* _Task item_: From the listing that follows, output everything exactly except the pictures.

* _Data shown_:
◆ ◆ ◆ ◆ ◆

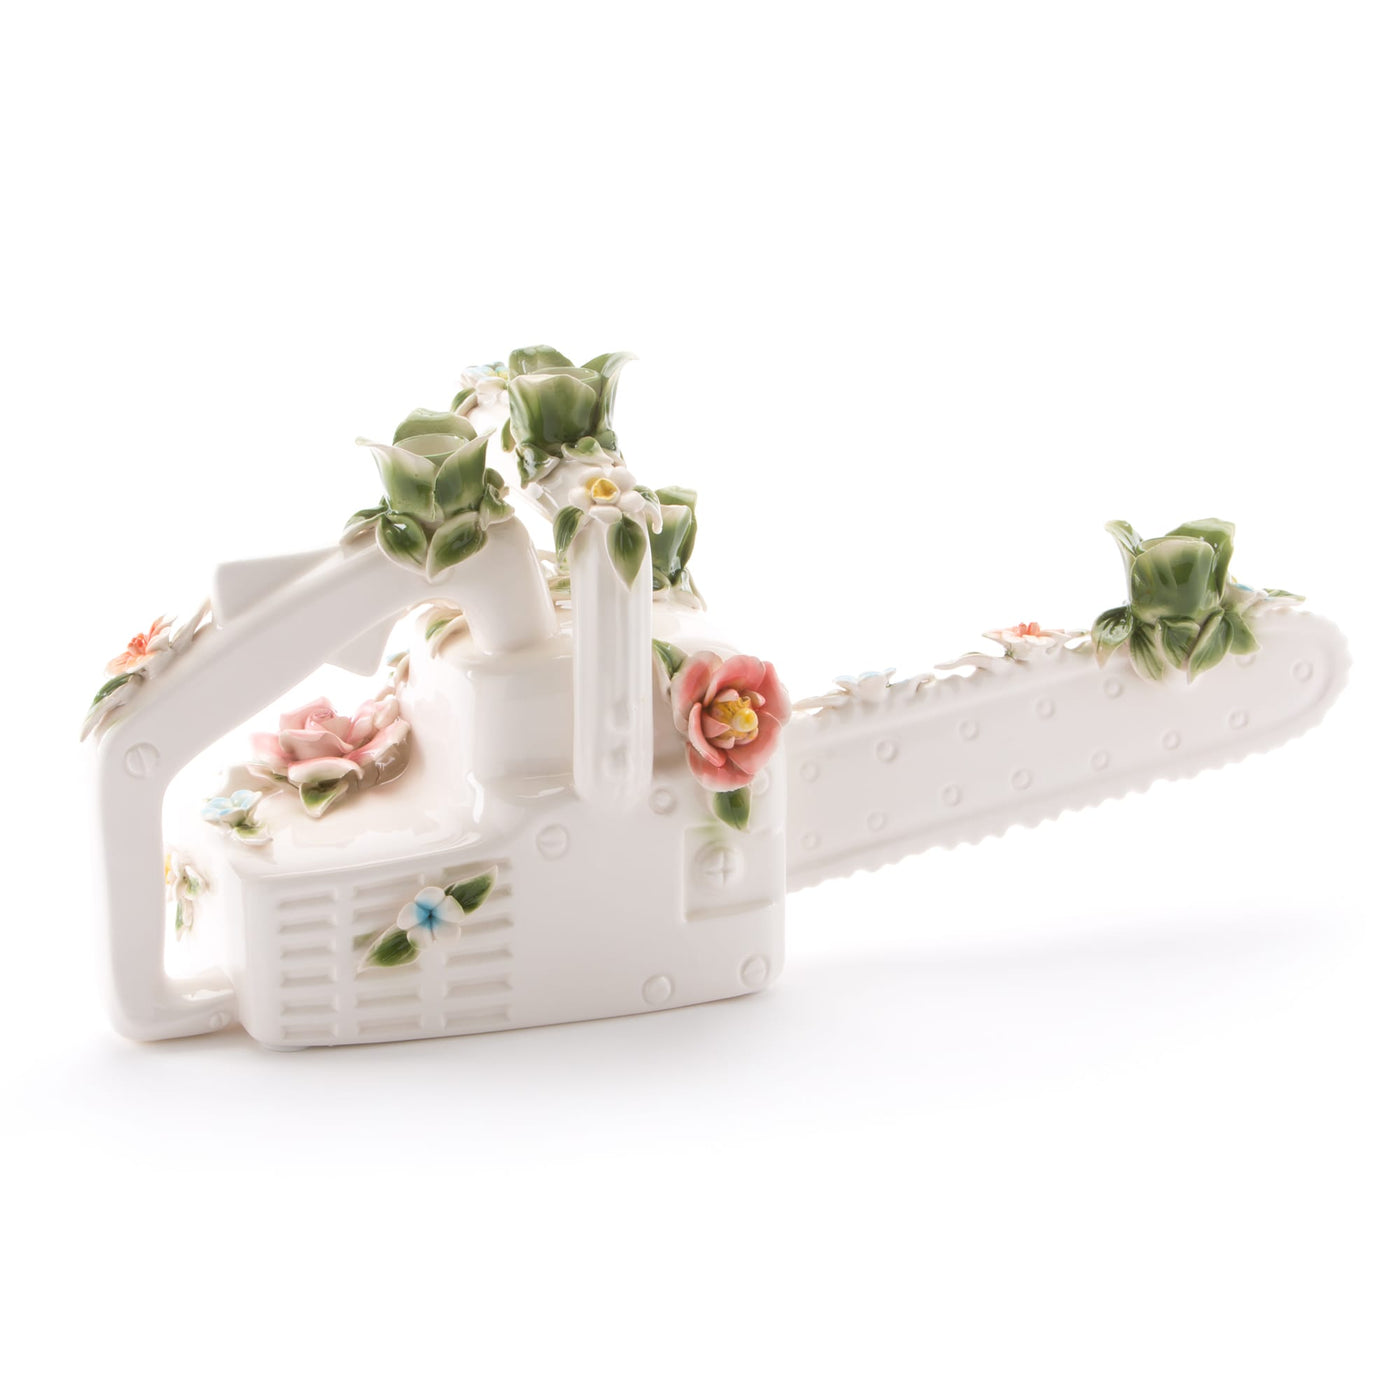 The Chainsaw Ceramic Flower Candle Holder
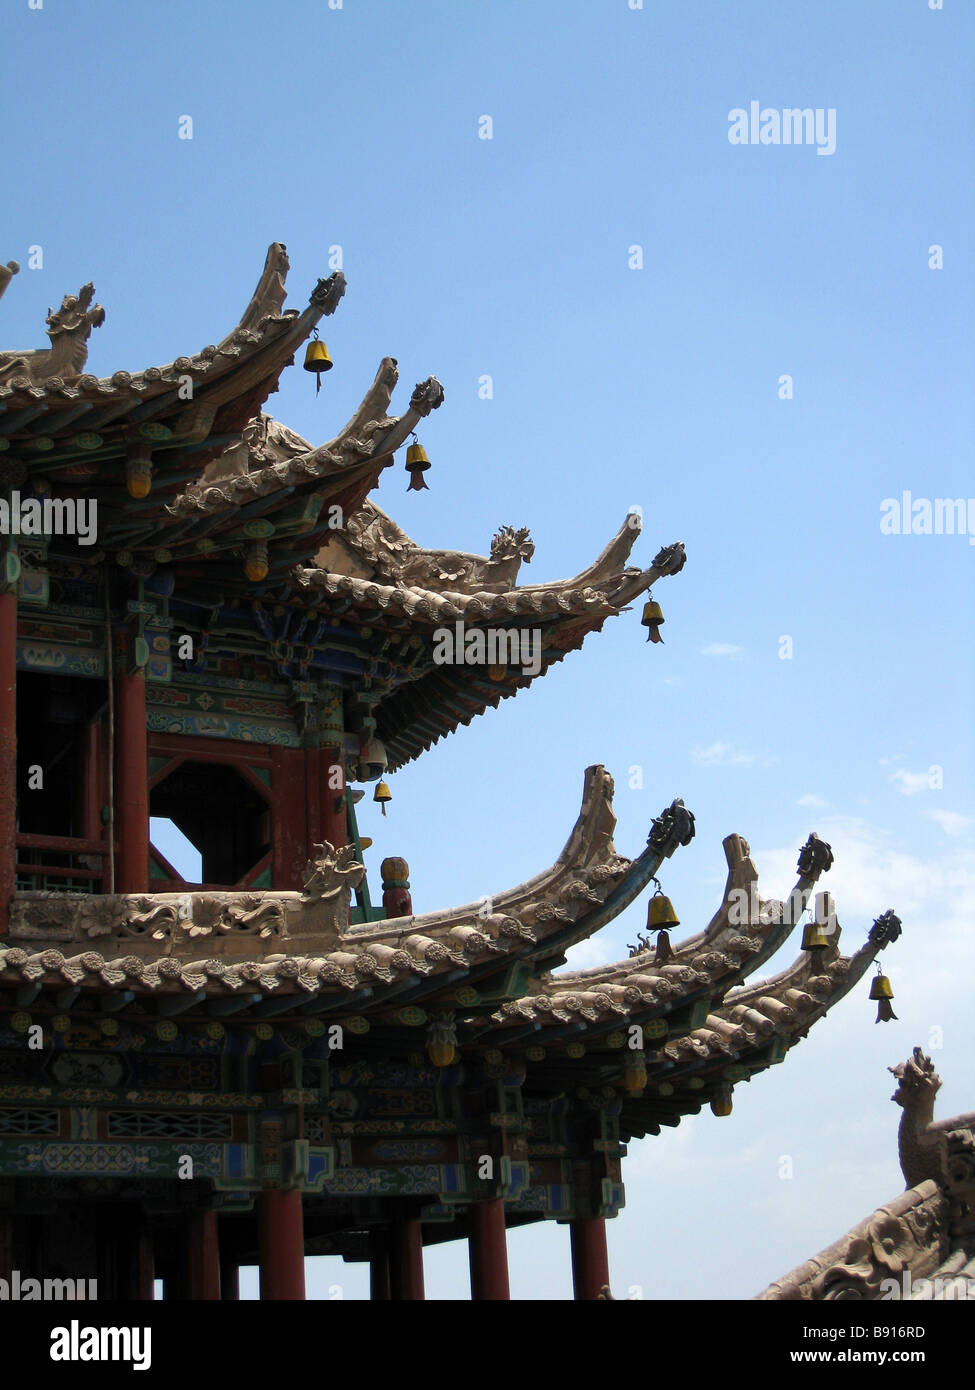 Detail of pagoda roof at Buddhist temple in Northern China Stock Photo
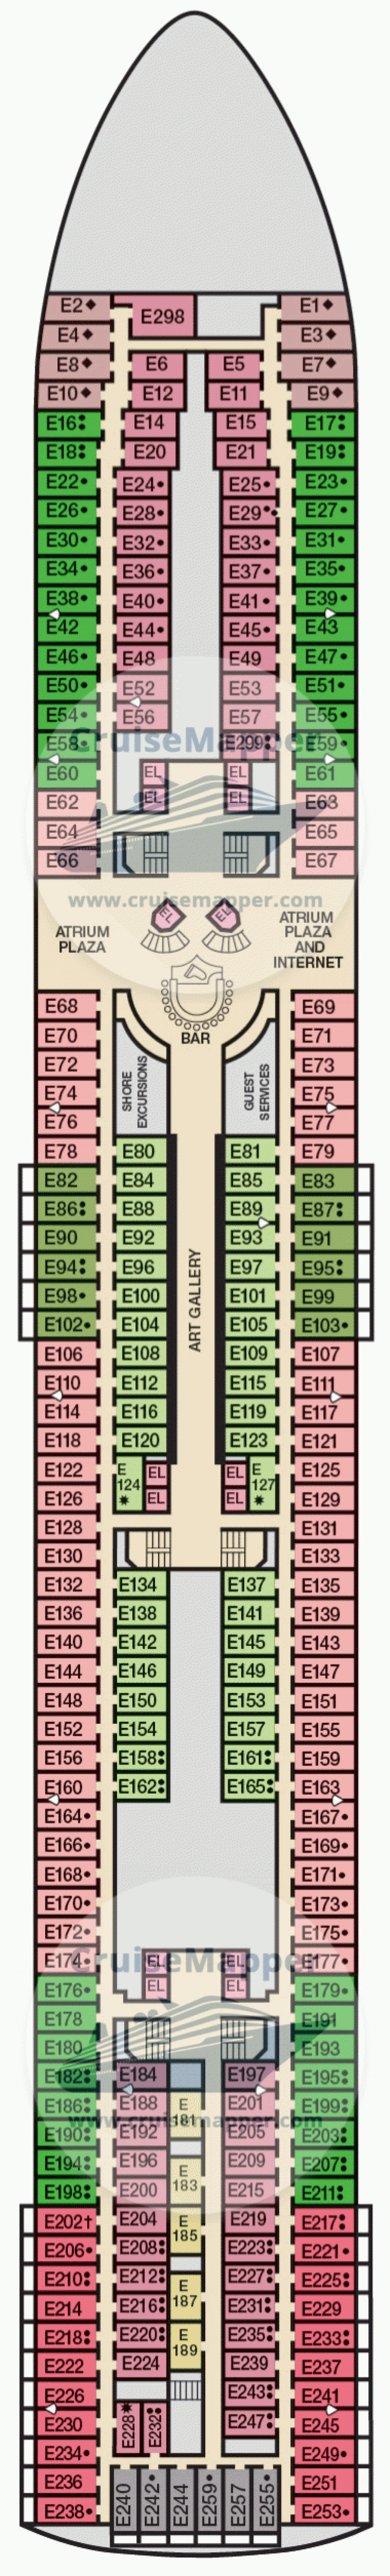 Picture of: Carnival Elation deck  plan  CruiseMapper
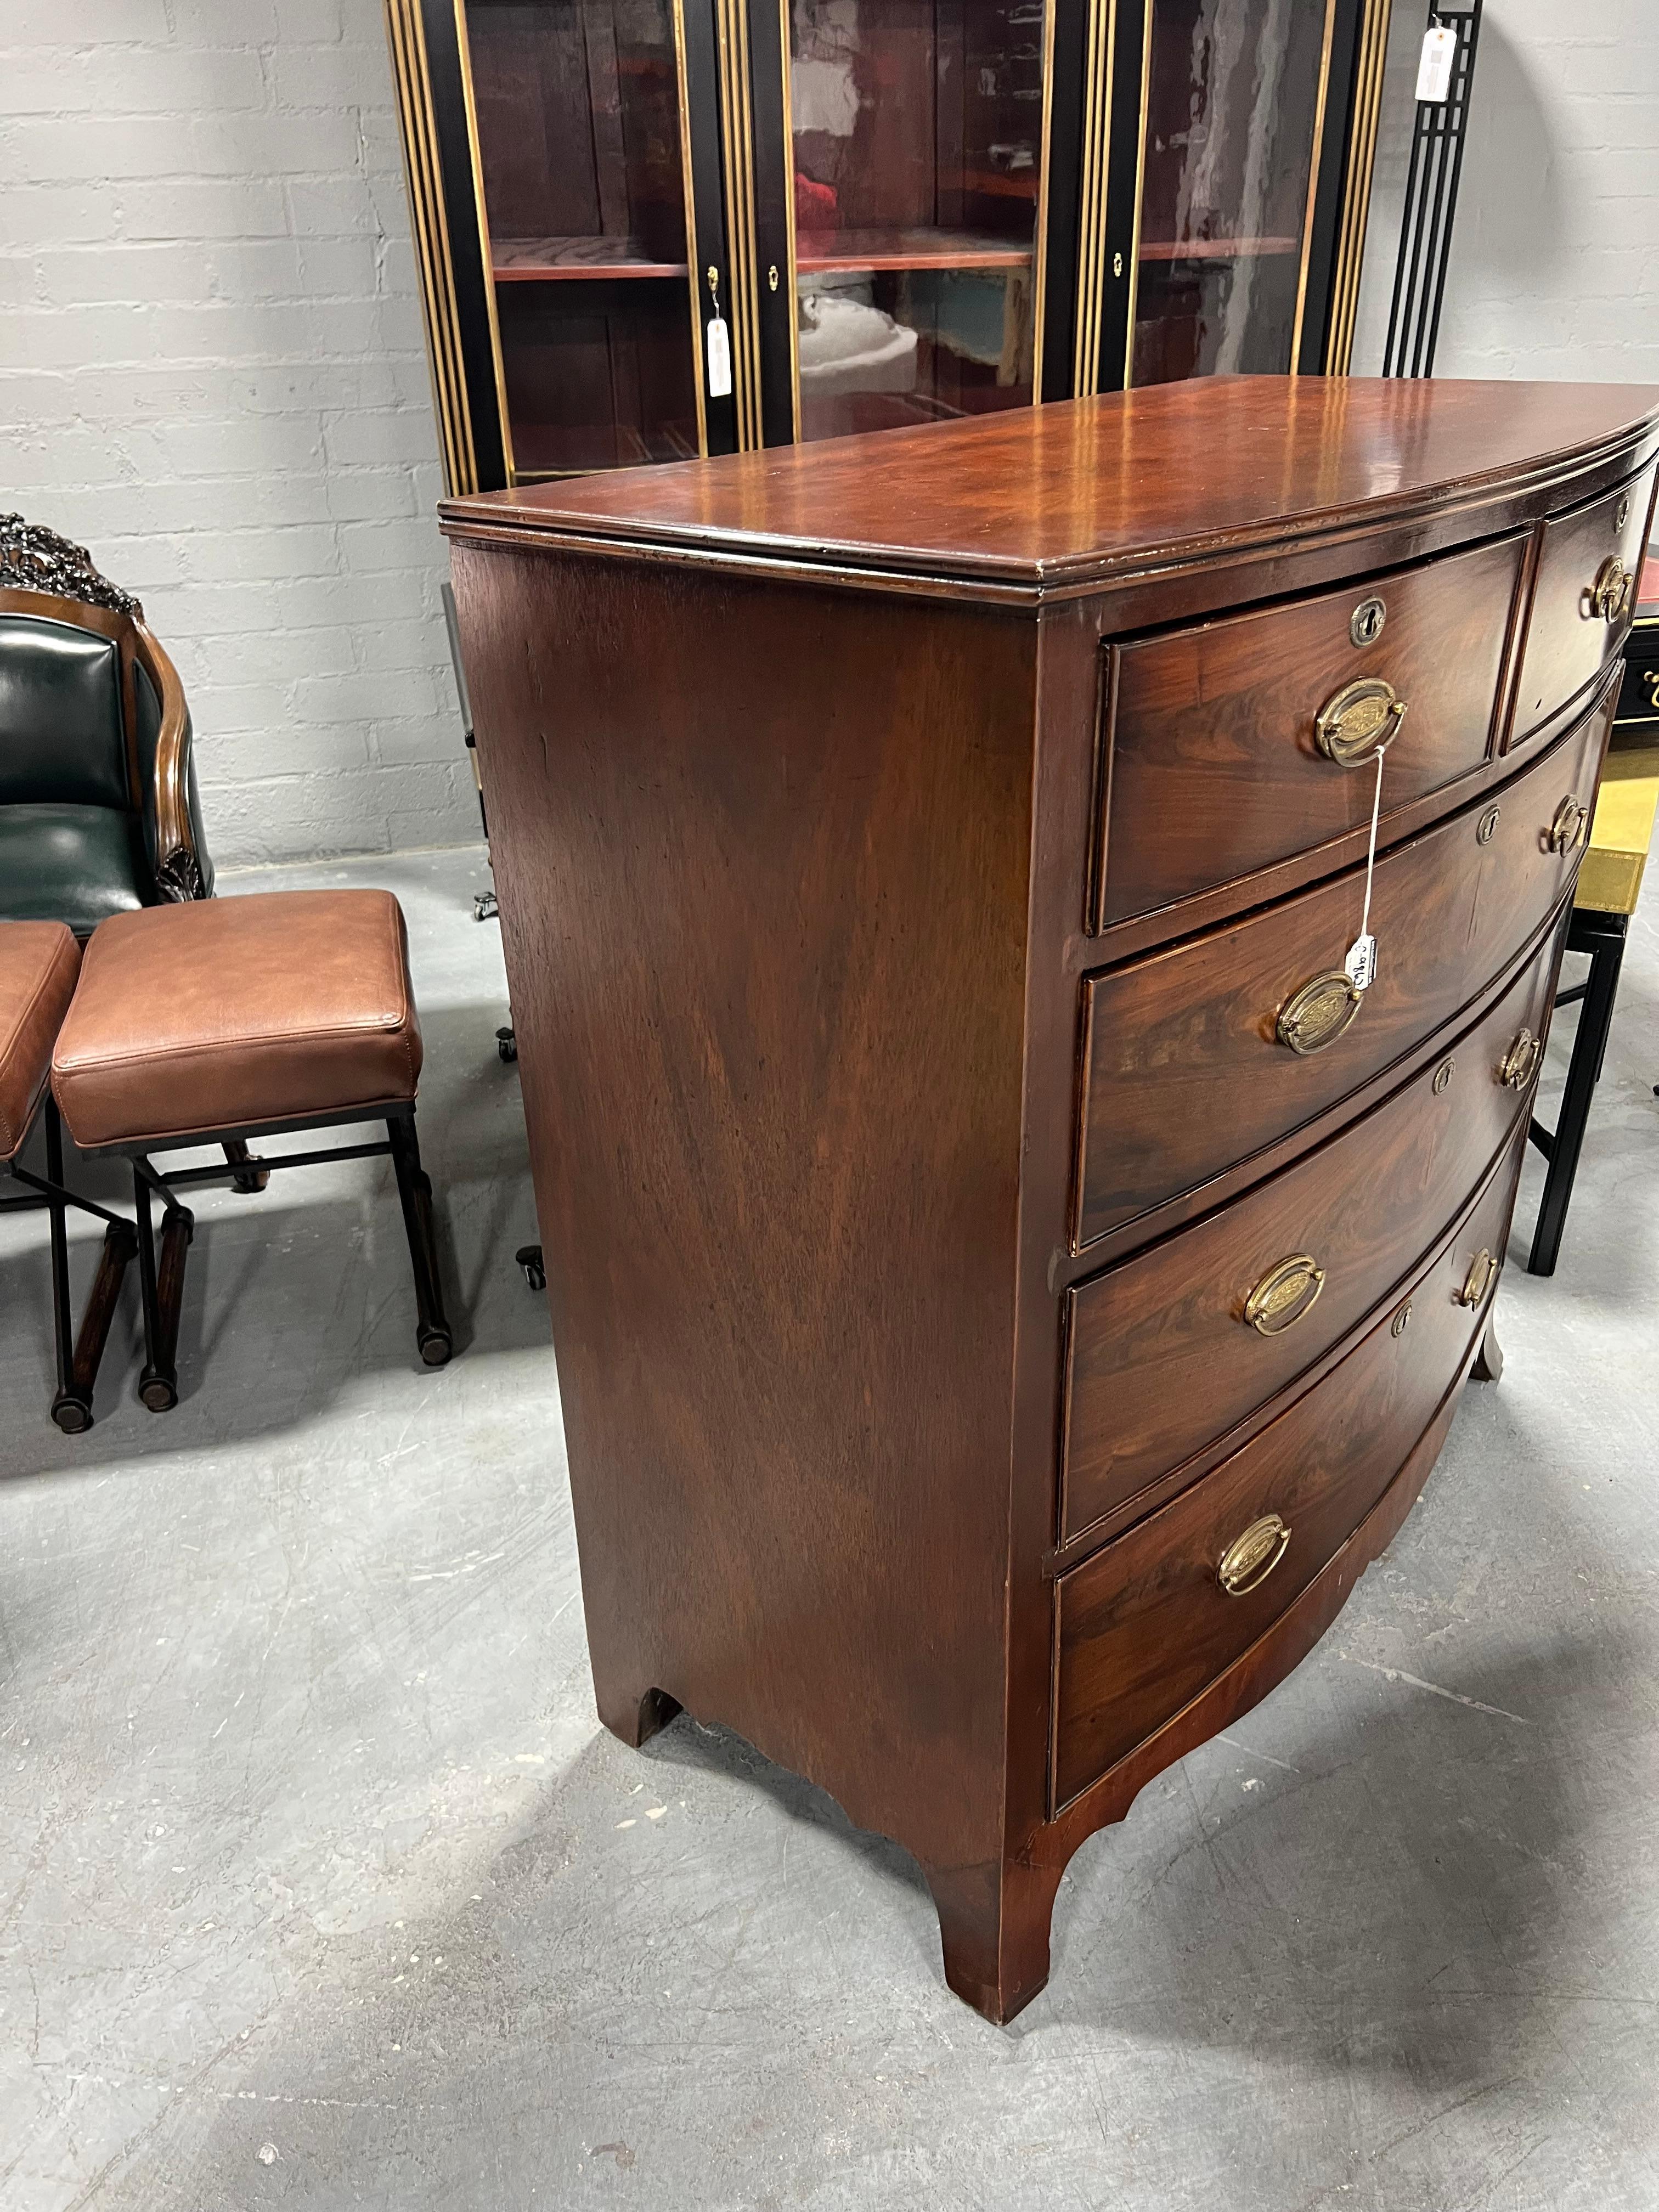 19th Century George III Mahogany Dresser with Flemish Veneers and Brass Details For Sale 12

◆ ◆ ◆ ◆ ◆

* _Answer_:
 The Chainsaw Ceramic Flower Candle Holder
 Detail of pagoda roof at Buddhist temple in Northern China Stock Photo
 Picture of: Carnival Elation deck  plan  CruiseMapper
 19th Century George III Mahogany Dresser with Flemish Veneers and Brass Details For Sale 12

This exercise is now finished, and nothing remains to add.